Secondo ciò che trapela dagli atti, la banda avrebbe esternalizzato alcune fasi del piano: noleggi, sorveglianze e acquisti affidati a complici reclutati online, ignari del disegno complessivo. L’obiettivo era ottenere le chiavi dei wallet e le seed phrase, per riscuotere rapidamente somme non tracciabili. Quando il “cash-out” fallisce, la violenza esplode. I corpi vengono distrutti, le tracce cancellate e disperse in più emirati. I dettagli variano tra le fonti, ma lo schema resta coerente: esca finanziaria, sequestro, estorsione digitale e infine omicidio.

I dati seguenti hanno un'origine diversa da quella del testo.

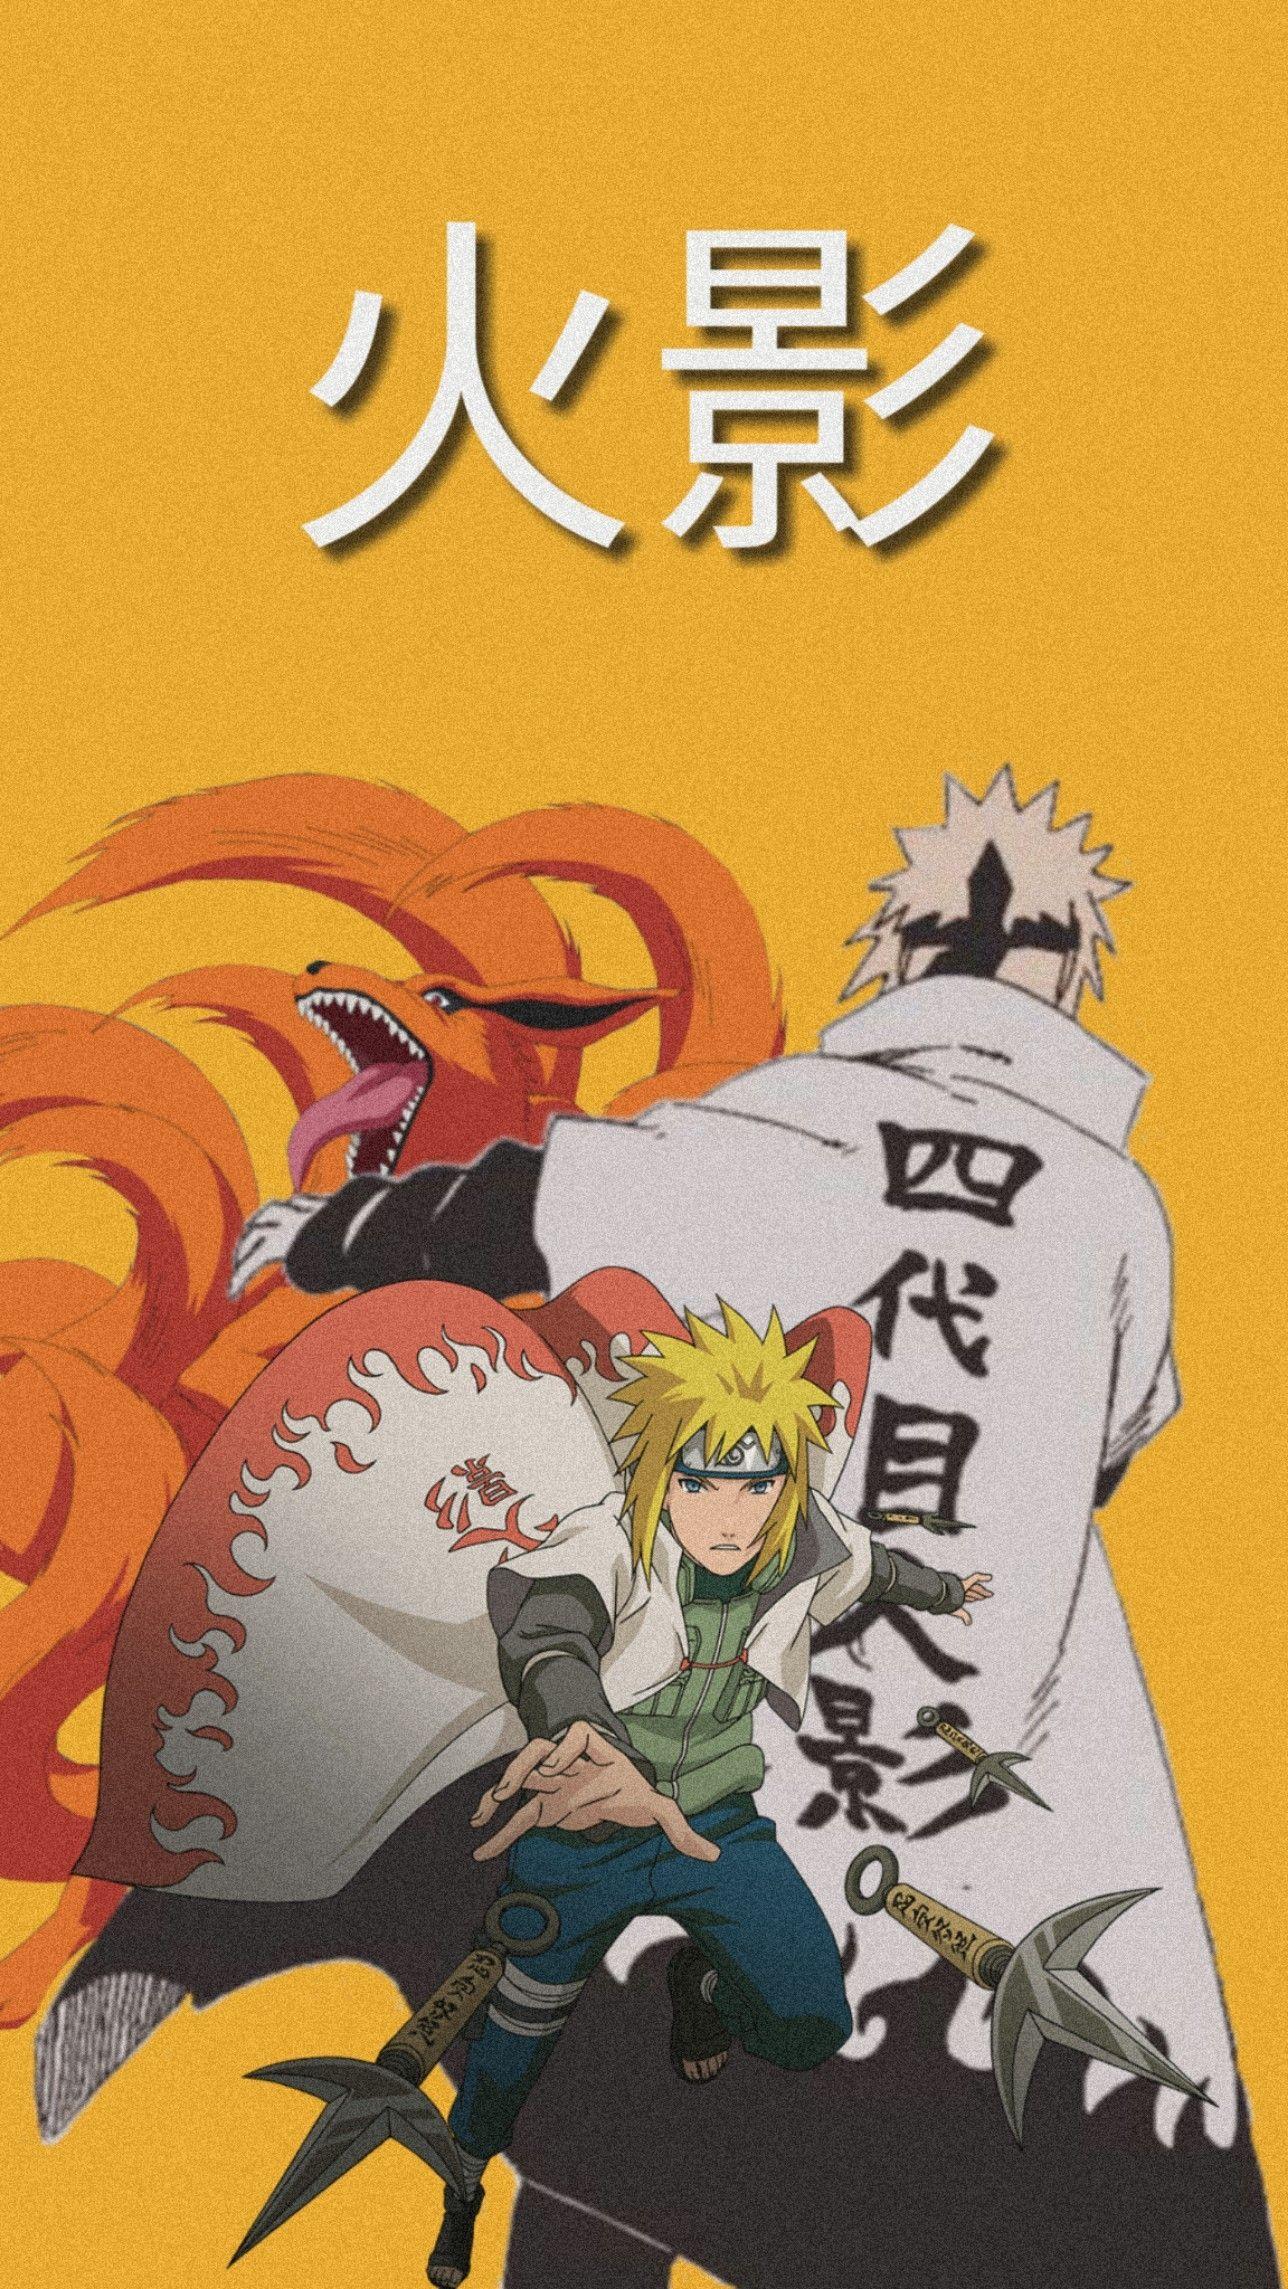 Minato Namikaze Wallpaper Samurai Anime Naruto Merchandise Naruto Wallpaper

Il caso Novak è un manuale crudele sul lato oscuro dell’“oro digitale”: la retorica della libertà finanziaria che diventa trappola. Il prodotto è sempre lo stesso: “trasferimenti immediati, cross-border, low fee”. La promessa: “token” che si sbloccheranno nel futuro. La leva: lusso, celebrità, networking. L’esito: capitali irrecuperabili e vite distrutte. In questa vicenda non fallisce solo il controllo degli investitori, ma la percezione stessa del rischio: l’idea che l’innovazione basti da sola a sostituire la responsabilità.

Intanto le autorità russe e quelle emiratine collaborano. Il Comitato Investigativo di San Pietroburgo apre il fascicolo per omicidio e annuncia un coordinamento con gli Eau, riconoscendo la natura transnazionale del delitto e il rientro in patria dei sospetti. Alcune testate parlano di possibili estradizioni, ma per ora l’azione penale si concentra in Russia, con rogatorie verso Dubai.

Della cronologia restano solo poche date: il 2 ottobre l’appuntamento a Hatta, il 4 ottobre gli ultimi segnali dei telefoni, a inizio novembre il ritrovamento dei resti, e il 7 novembre gli arresti. Tutto il resto è ancora da verificare: l’ammontare reale dei fondi, la geografia precisa del delitto, la catena di comando della banda, il recupero di eventuali asset digitali.

Il caso offre anche una lezione semplice e spietata. Se un progetto promette rendimenti straordinari o “sblocchi futuri” non verificabili, la prima reazione dev’essere diffidenza. La due diligence non è burocrazia, ma l’unico antidoto alle illusioni digitali. Il lusso ostentato è un inganno cognitivo: confonde apparenza e sostanza. Nessun wallet vale qualcosa se non puoi dimostrarne il contenuto e la provenienza.

Nel deserto dove i Novak hanno trovato la fine, la sabbia copre presto le tracce. Ma non potrà mai coprire la catena di errori, illusioni e violenza che ha portato due truffatori presunti – o conclamati – a incontrare truffatori di segno opposto: uomini convinti di poter fare fortuna su chiavi private che, stando a più ricostruzioni, non aprivano alcun tesoro. È il cortocircuito finale: il miraggio dell’oro digitale contro il vuoto di un wallet.

E in quel vuoto resta anche Anna, troppo spesso ridotta a comprimaria nelle cronache. Eppure partecipava alla costruzione dell’immagine di famiglia “vincente” e lasciava dietro di sé due figli piccoli. Dopo la scomparsa, il padre vola a Dubai per prenderli con sé. È un dettaglio che riporta la vicenda dal livello dell’intrigo globale a quello della tragedia domestica.

Nei prossimi mesi, l’inchiesta dovrà chiarire ruoli, prove e responsabilità, ma una verità già emerge: la finzione regge finché nessuno chiede la prova. La banda avrebbe chiesto la frase-seed; gli investitori avrebbero dovuto chiedere, prima, un bilancio. Il deserto, in questa storia, è solo lo sfondo. Il vero vuoto è altrove.